Comme type de la seconde classe de ces hôtels du pauvre, je choisirai le farm-house dans le Mint (Borough). La tradition veut que cette maison ait appartenu autrefois au cardinal Wolsey et plus tard à la reine Anne. Les bâtimens ont leurs destinées, habent sua fata, et celui-ci n’a rien conservé qui annonce une ancienne résidence royale. Triste, il se tient à l’écart des voies fréquentées et semble rentrer sous terre comme pour cacher son infortune. Il est si bas et mérite si bien, sous ce rapport du moins, l’épithète de low-house qu’il faut être dans la cour pour l’apercevoir. Dans cette maison, il y a deux cents lits et trois cuisines qui ont vu de meilleurs jours.
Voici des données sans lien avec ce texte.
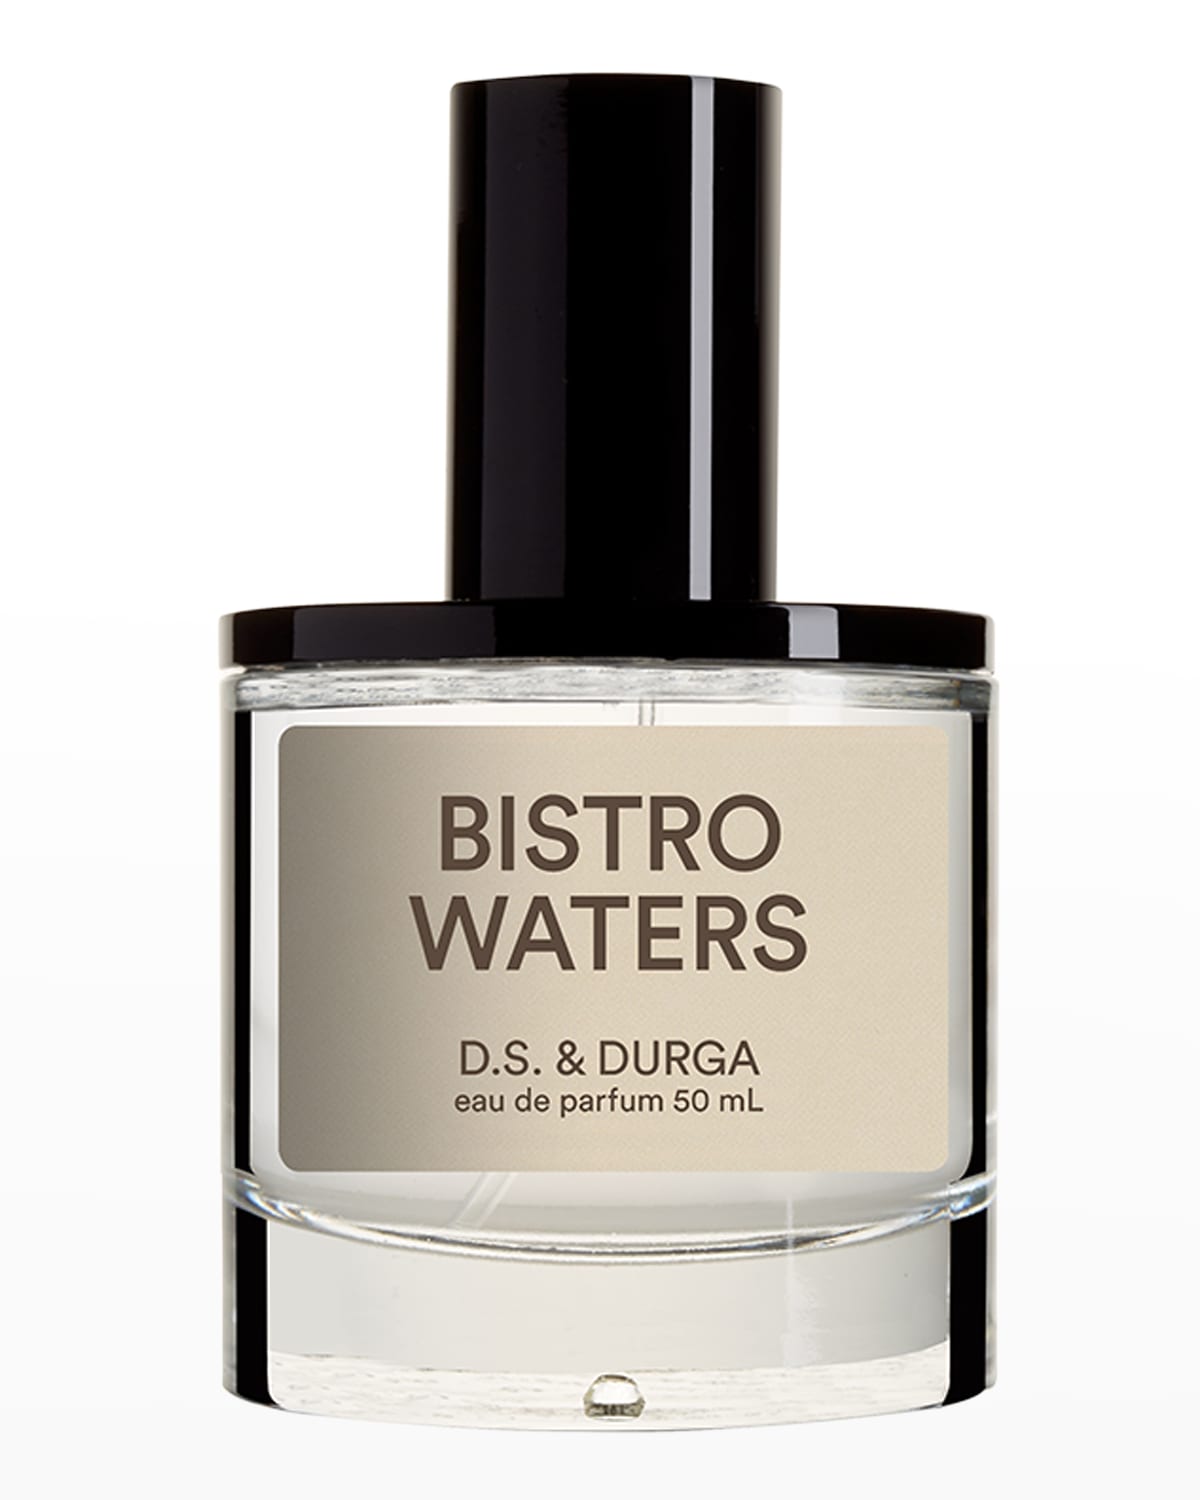 Bistro Waters Eau de Parfum, 1.7 oz.

La plus grande de ces cuisines, laquelle se détache des chambres à coucher, est la seule où l’on prépare les alimens; les deux autres sont consacrées à d’autres usages. Là, comme dans la plupart des lodging-houses, chaque pensionnaire à la nuit est son propre cuisinier. Dans la cour s’élève un lavoir bâti il y a quelques années, et cette cour même sert à faire sécher le linge blanchi par la main des habitués, customers. Ici la vue de la misère peut être pénible sans doute, mais elle n’a rien de révoltant. Par malheur, il s’en faut de beaucoup que tous les logemens de voyageurs (c’est un mot poli) présentent ce caractère d’ordre et de propreté. Il y en a où règnent le bruit, la confusion, une saleté impossible à décrire, où des murs livides et chancelans abritent assez mal des visages plus livides encore que les murailles, où l’on étouffe l’été, où l’on gèle l’hiver. Un voyageur raconte avoir couché, non loin de Drury-Lane, dans une chambre dont le plafond consistait en un toit d’ardoises qui, effeuillées par les coups de vent, laissaient entrevoir le ciel et compter les étoiles.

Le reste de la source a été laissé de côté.